I was able to do that in my old car in a second or two with physical buttons.

------
horsawlarway
What am I even reading here...

This has nothing to do with buttons other than that the author randomly brings
them up every now and then in a manner that doesn't logically follow.

>1\. Buttons Aren’t Actually Easy to Use

With the example being a cockpit in a plan with the line "It takes a lot of
training to know what all those buttons are for. (Credit: U.S. Air Force/Kelly
White)"

This is drivel.

>Yet as much as people have complained about buttons over the years, they
remain stubbornly present – an entrenched part of the design and interactivity
of smartphones, computers, garage door openers, car dashboards and videogame
controllers.

Because they work. Honestly, I actually want my physical buttons back on
things like - my phone, my kindle, my car.

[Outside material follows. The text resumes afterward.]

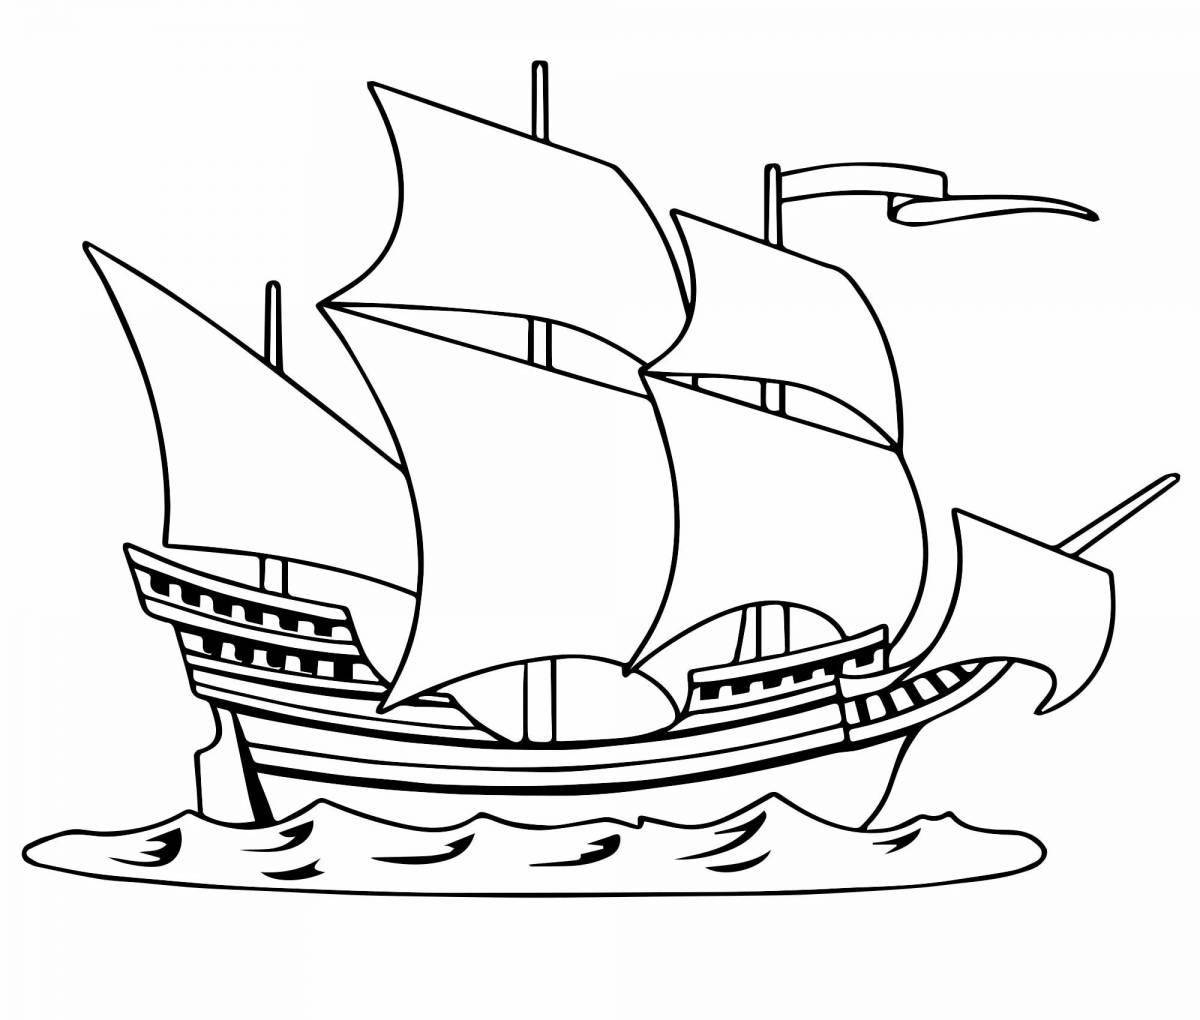 Adorable ship coloring page for 7 year olds

But no, please continue to deride the button for tangentially related
issues...

------
coldtea
> _Yet in many contexts, both past and present, buttons are anything but easy.
> Have you ever stood in an elevator pushing the close-door button over and
> over, hoping and wondering if the door will ever shut? The same quandary
> presents itself at every crosswalk button._

Both of these problems are irrelevant to whether we use buttons or not, and
don't prove buttons are "hard to use".

Just that we sometimes connect buttons that either don't do anything (elevator
open/close door buttons wired to nothing, meant to give users a fake sense of
control), or do it after a delay.

If the delay for crosswalk buttons was presented on a small timer above the
button, there would be nothing "mysterious" about the whole operation but the
control would still be a button.

If those, i.e nothing concrete and all badly formulated, are the "Five Lessons
From Seven Years of Research Into Buttons" the authors got, then I pity those
who funded the research.

------
yarrel
That's barely a promo listicle.

------
ykevinator
This is scatter brained